How to lift a transitive relation from elements to lists?

落花浮王杯 提交于 2020-01-05 06:43:55

问题


I'm trying to prove that a transitive relation on elements of lists is equivalent to a transitive relation on lists (under some conditions).

Here is a first lemma:

lemma list_all2_rtrancl1:
  "(list_all2 P)⇧*⇧* xs ys ⟹
   list_all2 P⇧*⇧* xs ys"
  apply (induct rule: rtranclp_induct)
  apply (simp add: list.rel_refl)
  by (smt list_all2_trans rtranclp.rtrancl_into_rtrancl)

And here is a symmetric lemma:

lemma list_all2_rtrancl2:
  "(⋀x. P x x) ⟹
   list_all2 P⇧*⇧* xs ys ⟹
   (list_all2 P)⇧*⇧* xs ys"
  apply (erule list_all2_induct)
  apply simp

I guess that a relation should be reflexive. But maybe I should use another assumptions. The lemma could be proven given the assumption that P is transitive, however P is not transitive. I'm stuck. Could you suggest what assumptions to choose and how to prove this lemma?
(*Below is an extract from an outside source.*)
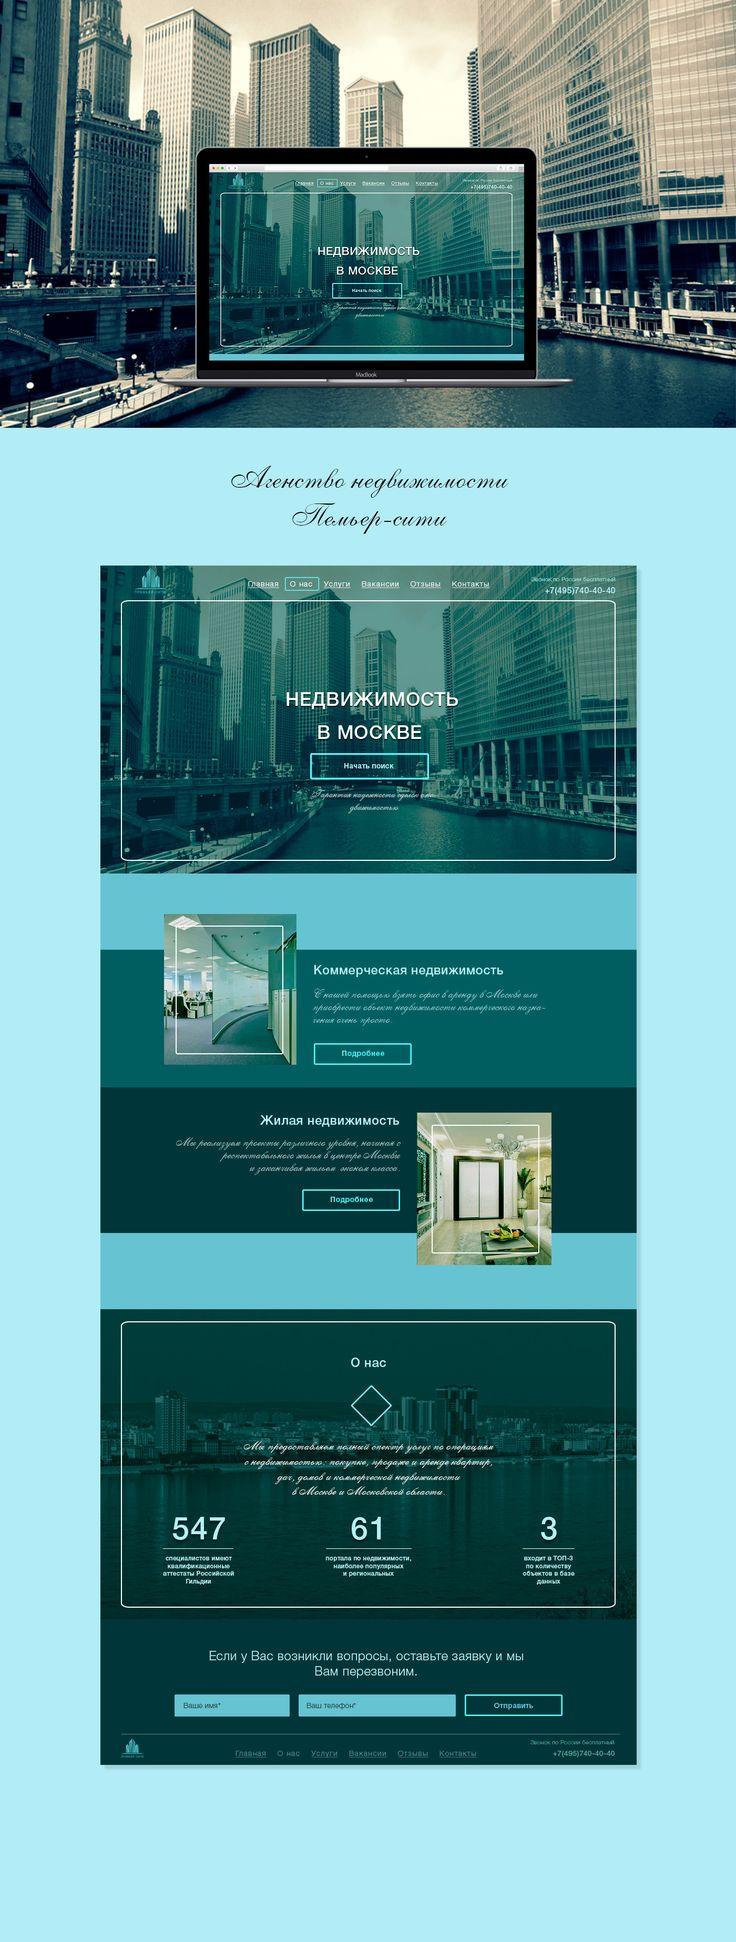 Ознакомьтесь с этим проектом @Behance: «Агентство недвижимости» https://www.behance.net/gallery/51330523/agentstvo-nedvizhimosti

It seems that nitpick gives me a wrong counterexample for the specific case of the last lemma (xs = [0] and ys = [2]):

lemma list_all2_rtrancl2_example:
  "list_all2 (λx y. x = y ∨ Suc x = y)⇧*⇧* xs ys ⟹
   (list_all2 (λx y. x = y ∨ Suc x = y))⇧*⇧* xs ys"
  nitpick

I can prove that the lemma holds for this example:

lemma list_all2_rtrancl2_example_0_2:
  "list_all2 (λx y. x = y ∨ Suc x = y)⇧*⇧* [0] [2] ⟹
   (list_all2 (λx y. x = y ∨ Suc x = y))⇧*⇧* [0] [2]"
  apply (rule_tac ?b="[1]" in converse_rtranclp_into_rtranclp; simp)
  apply (rule_tac ?b="[2]" in converse_rtranclp_into_rtranclp; simp)
  done

回答1:


It may be feasible to use listrel instead of list_all2. Indeed, as shown below, they are equivalent (see set_listrel_eq_list_all2). However, there are several theorems in the standard library about listrel that do not have their equivalents for list_all2.


theory so_htlatrfetl_2
  imports Complex_Main
begin

lemma set_listrel_eq_list_all2: 
  "listrel {(x, y). r x y} = {(xs, ys). list_all2 r xs ys}"
  using list_all2_conv_all_nth listrel_iff_nth by fastforce

lemma listrel_tclosure_1: "(listrel r)⇧* ⊆ listrel (r⇧*)"
  by (simp add: listrel_rtrancl_eq_rtrancl_listrel1 
      listrel_subset_rtrancl_listrel1 rtrancl_subset_rtrancl)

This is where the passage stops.